- Problem statement: Restate the data word for word. Leave the pictures out.

Segment Start: Supplied data

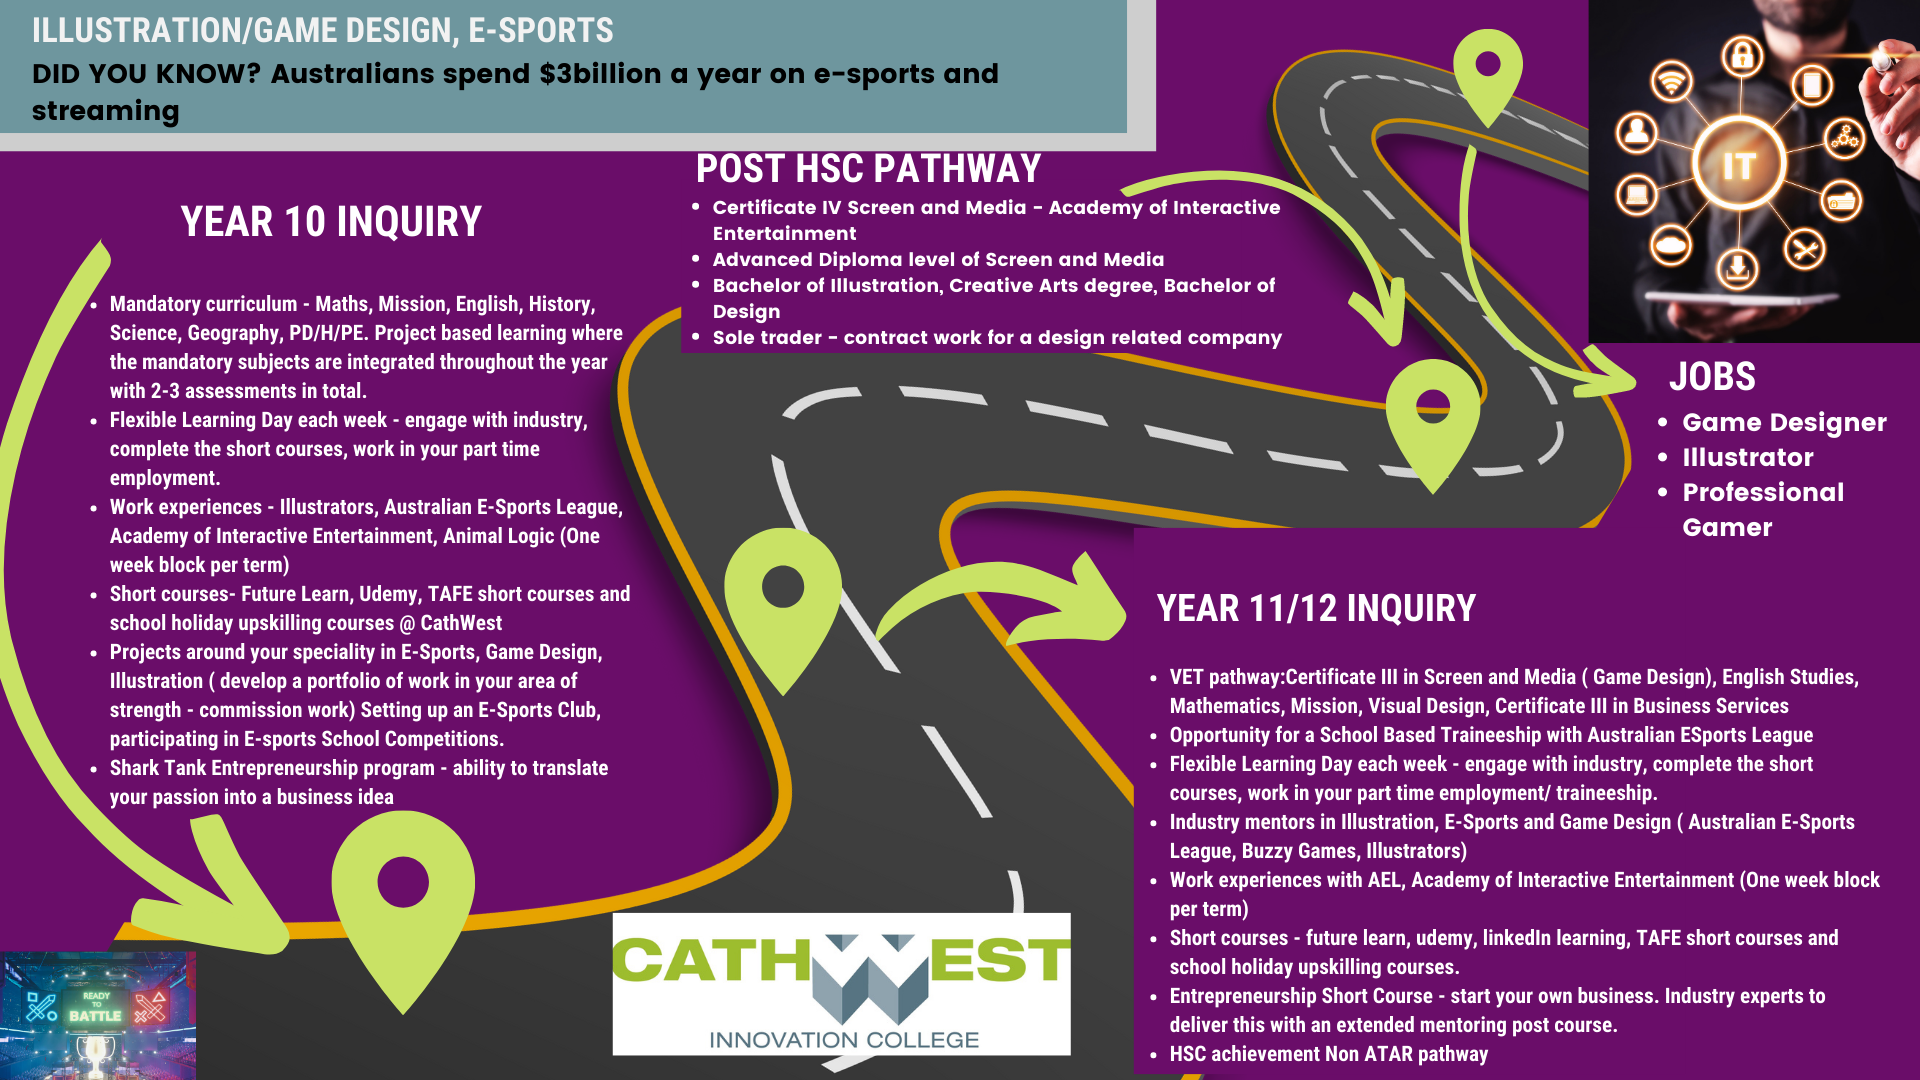 Illustration Career Pathways at CathWest Innovation College
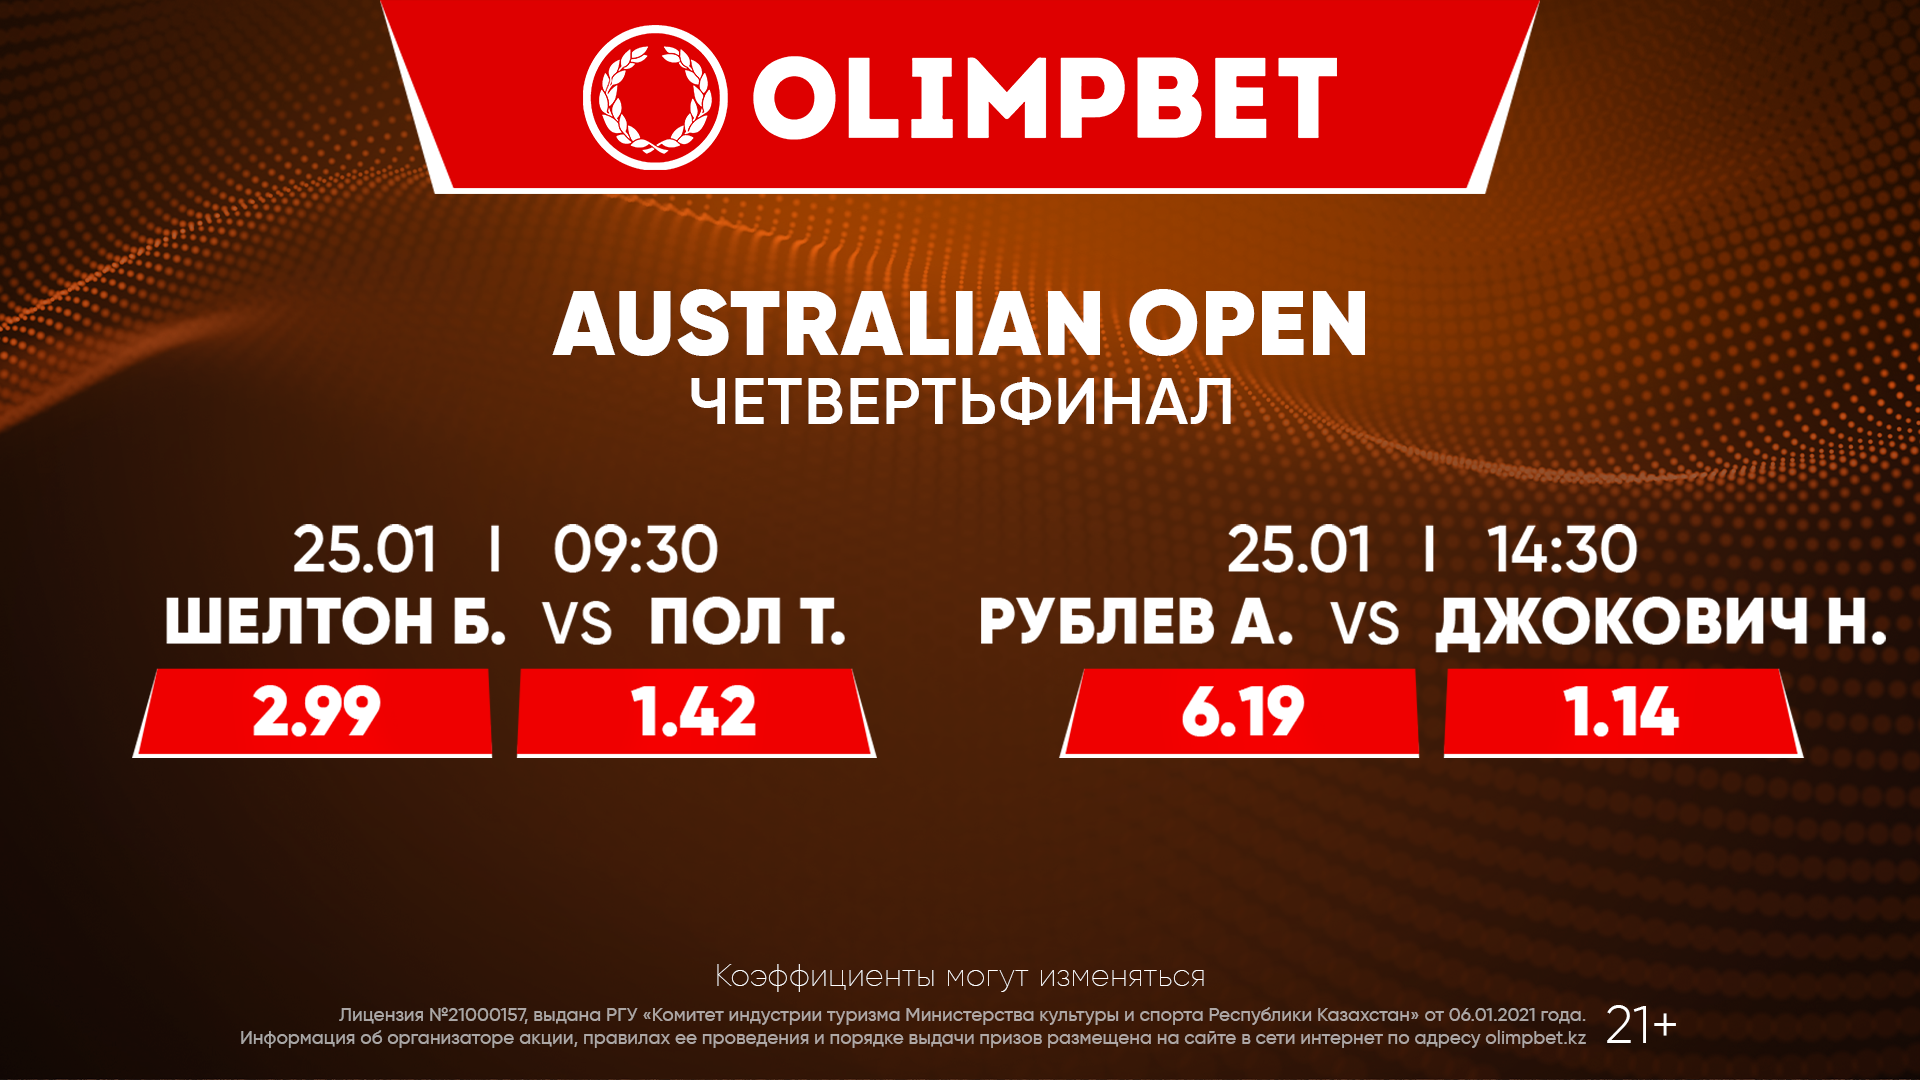 Каков будет исход противостояния Джоковича и Рублева на Australian Open?  – расклады Olimpbet
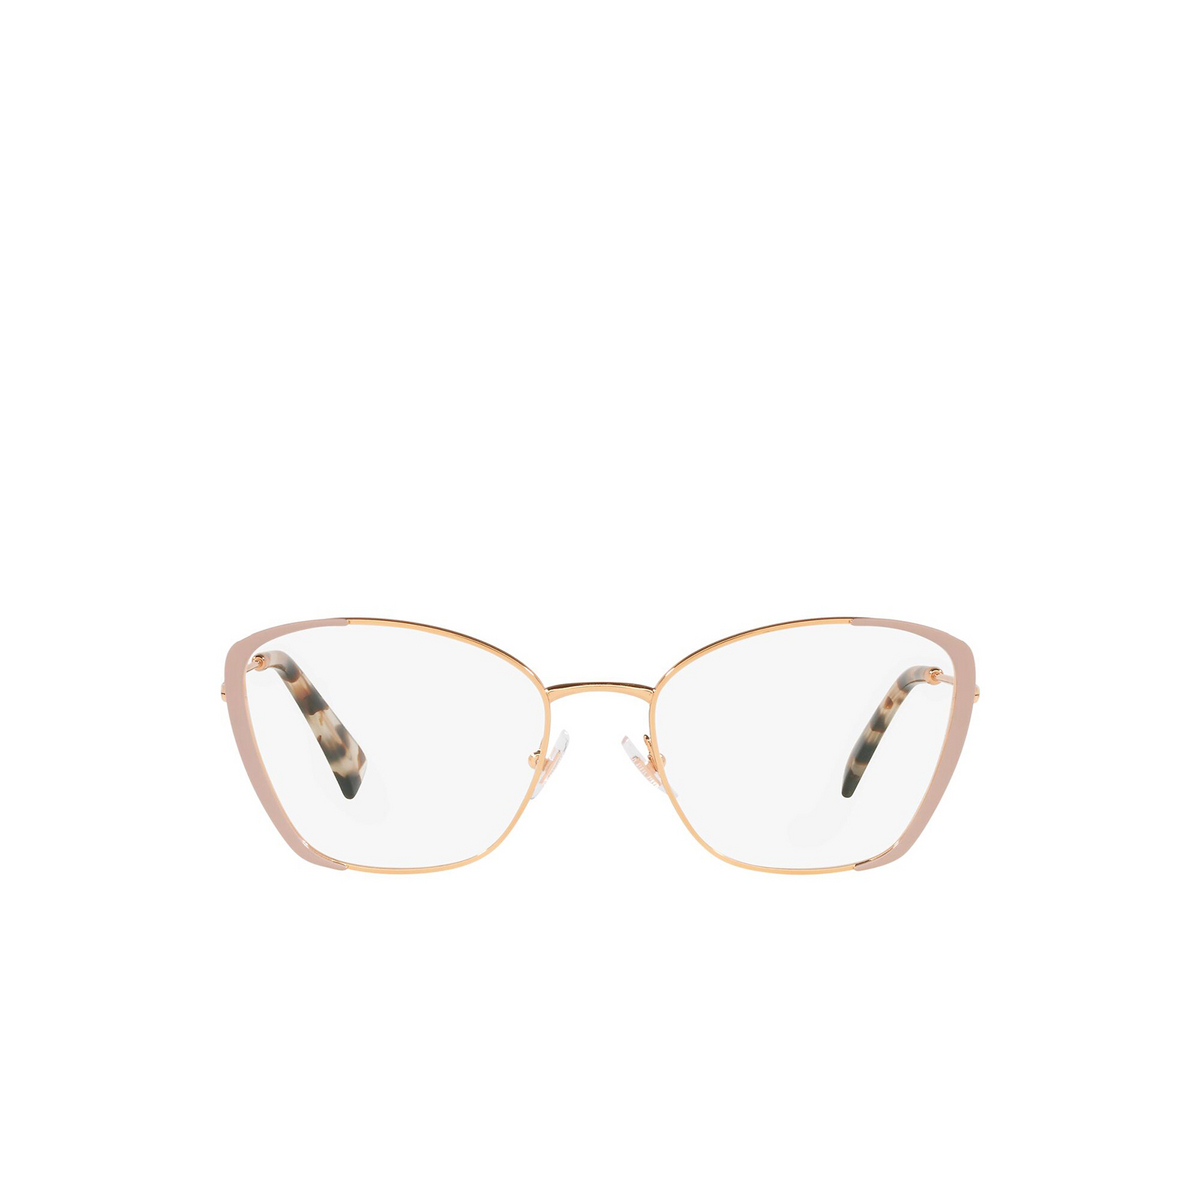 Miu Miu® Butterfly Eyeglasses: MU 51UV color Pink 08X1O1 - front view.

Segment End: Supplied data

- Expected answer:
 Illustration Career Pathways at CathWest Innovation College
 Каков будет исход противостояния Джоковича и Рублева на Australian Open?  – расклады Olimpbet
 Miu Miu® Butterfly Eyeglasses: MU 51UV color Pink 08X1O1 - front view.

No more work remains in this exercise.